“My Dear Mr Caine,—Your publishers have kindly sent me a copy of The Shadow of a Crime, and I am reading it carefully. Your style does not permit any skipping; no work that does so is of much value. So far as I can yet judge, the book is full of power and true imagination. To the critical gift I have no claim; but I seem to myself to know when I come across genuine matter. And you have also that respect for yourself and your readers which is a sine qua non for the achievement of great work. However, I will not show my own deficiency in that quality by offering premature remarks; only I am eager to express my impressions of pleasure and admiration.

“I hope that your health will soon be restored, and your mind refreshed with total change. I find myself much under par, with long bronchial attack.

“Your second work, A Son of Hagar, will be looked for by me with eager anticipation; but The Shadow of a Crime will hold me for at least a week, in my present state; as I can only read at night, and am bound just now to keep early hours.

“I have not heard a word about Springhaven, whether it goes, or sticks fast; except that an extract from the Whitehall Review of last week has been sent to me.

“With many thanks for your kind words, and all good wishes for your work,—I am, always truly yours,

“R. D. Blackmore.”

A Son of Hagar was completed in 1886, as was also a life of Coleridge which was written in three weeks. The former brought him three hundred pounds; the latter thirty pounds. Coleridge had always been a favourite study of Hall Caine’s; we have seen that as a young man in Liverpool he was particularly attracted towards his work, and the incidents of the great poet’s life had received his careful and unremitting attention. But the series for which it was written was one devoted to brief biographies only, and Mr Caine was unable to make use of the vast store of knowledge which he had so patiently acquired. Still, the biography was one of the best of the series, and though it brought neither fame nor fortune to its author, it undoubtedly did something towards establishing his reputation as an original and thoughtful critic.

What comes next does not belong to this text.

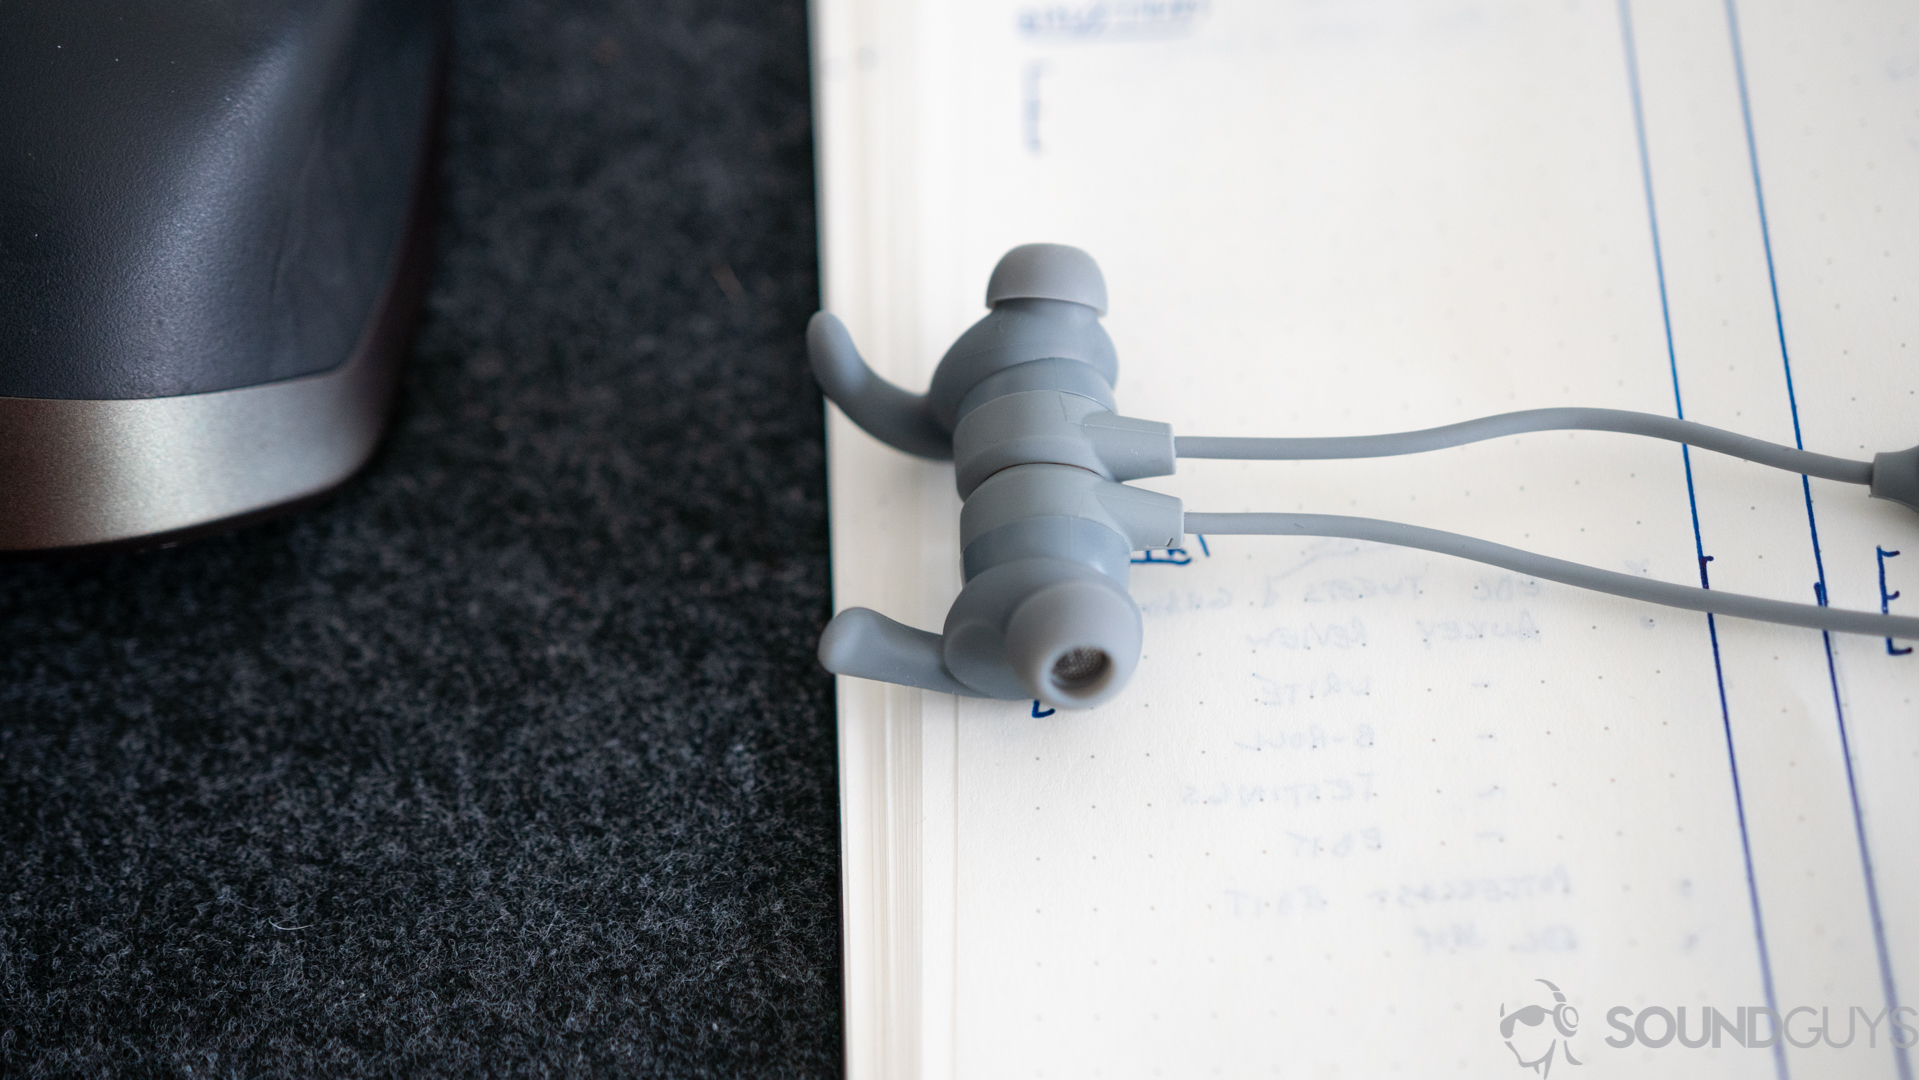 Pictured is the magnetic earbuds of the EP-B60.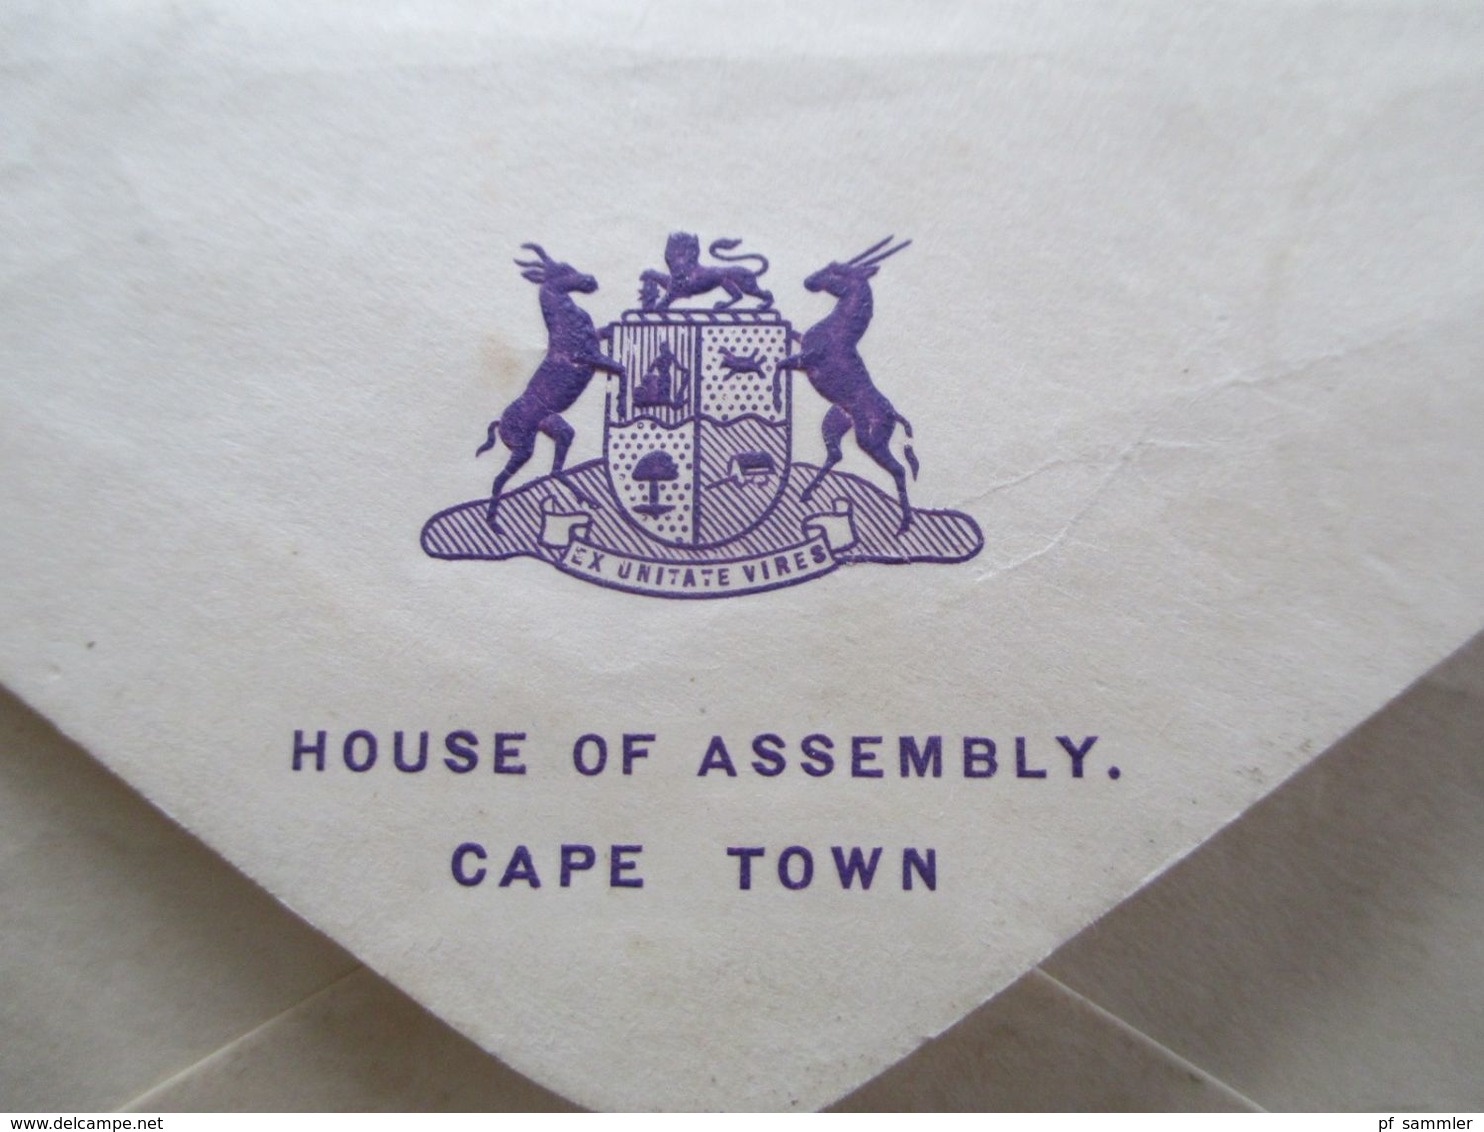 Südafrika 1947 Beleg Mit Wappen House Of Assembly Cape Town 3 Paare South Africa / Suid Africa Stempel Parliament - Storia Postale

A Son of Hagar was written on somewhat the same lines as The Shadow of a Crime; that is to say, there is the same knowledge of the life of the Cumberland people of the “statesman” class, the same intimate acquaintance with Cumberland dialect, and the same partiality for melodrama and, one must acknowledge, improbable incident. Judged by present-day standards, this book achieved what would be called remarkable popular success; but the success was not sufficient to satisfy the consuming ambition of the young novelist. He said to himself, “I will write one more book. I will put into it all the work that is in me, and if the public still remains indifferent, I will never write another.” These words, uttered in the heat of the moment, must be taken cum grano salis; for I feel convinced that if Mr Caine had written ten or a dozen unsuccessful works, he would still have continued faithful to the novel as a means of expressing his own personality and his views of the complex individual and social life as he has found it, not only in history, but in these hot, passionate days of a new century. Yet, the fact remains, that what he chose to consider his limited success did not satisfy him.